Cox timely filed a motion to vacate the dismissal order. The trial court conducted a hearing, and Cox filed a post-hearing brief to which Carnes Brothers filed no response. On August 17, 1998, the trial court entered an order finding that Cox was entitled to receive a copy of the dismissal order pursuant to OCGA § 15-6-21 and was further "entitled to have the order set aside and reinstated so that she would be in the same posture as she would have been after the order of dismissal was entered on September 30, 1997." The court then, exercising its "discretionary power to reconsider the order within the same term of court," granted the motion to vacate the dismissal order, thereby reinstating the case. Further, the court determined that attorney fees should be imposed against Cox for unnecessarily expanding the proceedings.
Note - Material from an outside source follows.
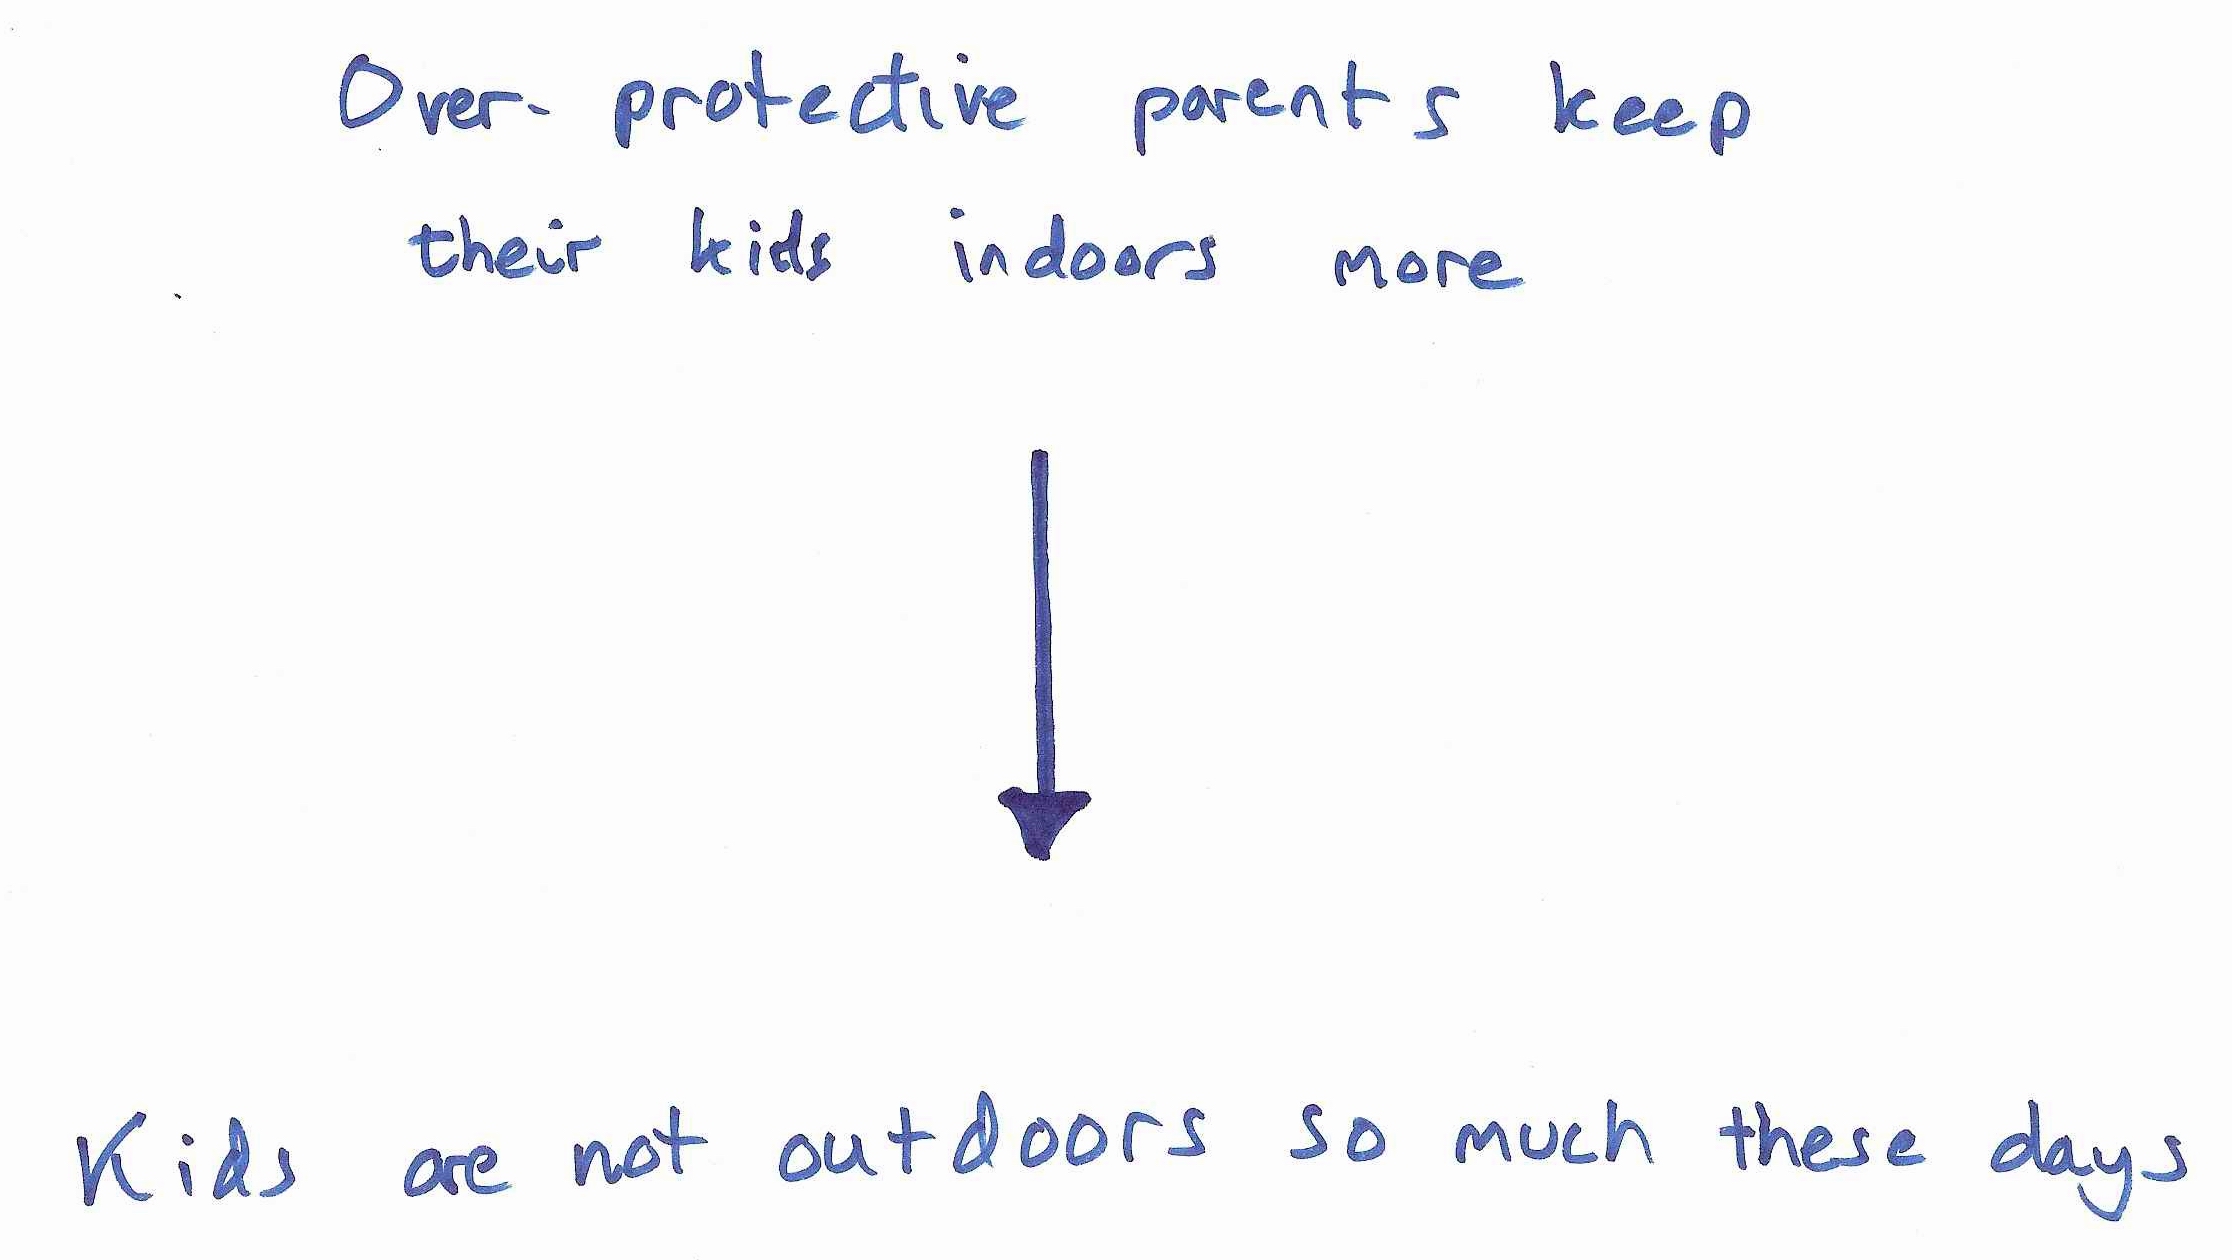 parents too overprotective

OCGA § 9-11-60(g) provides that clerical mistakes in orders "may be corrected by the court at any time of its own initiative or on the motion of any party and after such notice, if any, as the court orders." Because the trial court conceded its own failure to comply with the notice requirements of OCGA § 15-6-21(c), we agree that the trial court properly set aside and then reentered the dismissal order. OCGA § 9-11-60(g); Cambron v. Canal Ins. Co., 246 Ga. 147, 148-149(1), 269 S.E.2d 426 (1980); Kendall v. Peach State Machinery, 215 Ga.App. 633, 634(2), 451 S.E.2d 810 (1994). The reentered dismissal order was effective as of August 17, 1998, the date it was actually reentered, and not as of September 30, 1997, as a nunc pro tunc order. See id. at 634, n. 1, 451 S.E.2d 810. Just as this procedure commences a new 30-day period during which a party may appeal the reentered order, it likewise restarts the period during which a party may pursue any remedies it may have in the trial court. Thus, the reentry of the dismissal order placed it once again "within the breast of the court." See Cambron, 246 Ga. at 148-149, 269 S.E.2d 426; Piggly Wiggly Southern v. McCook, 216 Ga.App. 335, 337(1), 454 S.E.2d 203 (1995). The trial court's decision immediately thereafter to vacate the dismissal *549 order[1] was made within the term of court in which the dismissal order was reentered, and not outside the term of court as Carnes Brothers argues. Consequently, the criteria of OCGA § 9-11-60(d) do not apply to the court's decision to vacate the dismissal order. Piggly Wiggly Southern v. McCook, 216 Ga. App. at 337, 454 S.E.2d 203. In this case, the trial court had the inherent power during the same term of court in which the order was reentered to reverse, correct, revoke, modify or vacate it in the exercise of its discretion. Id. We will not reverse a trial court's decision to vacate its order of dismissal absent a clear abuse of discretion. See T.J. Brooklyne, Inc. v. Sullivan 75, L.P., 239 Ga.App. 588, 589(1), 521 S.E.2d 644 (1999). Here, the trial court dismissed the complaint as a sanction for Cox's failure to comply with its previous directions to file pretrial orders. The trial court's decision to vacate the dismissal and to substitute a less severe sanction, though generous under the circumstances, was within the sound exercise of its discretion. We find no error.

Judgment affirmed.

RUFFIN, J., concurs.

ANDREWS, P.J., concurs in the judgment only.

NOTES

[1] The trial court stated: "In the interest of judicial economy, the Court will not go through the futile steps of reinstating the order and setting it aside." In light of the court's specific findings, we interpret this to mean that the trial court found it unnecessary to issue a separate order setting aside and reentering the dismissal prior to filing an order vacating it. The court could, of course, achieve both ends in one order. For the sake of clarity, however, such an order should specifically state that the dismissal order was set aside for lack of proper notice, reentered, and then immediately vacated.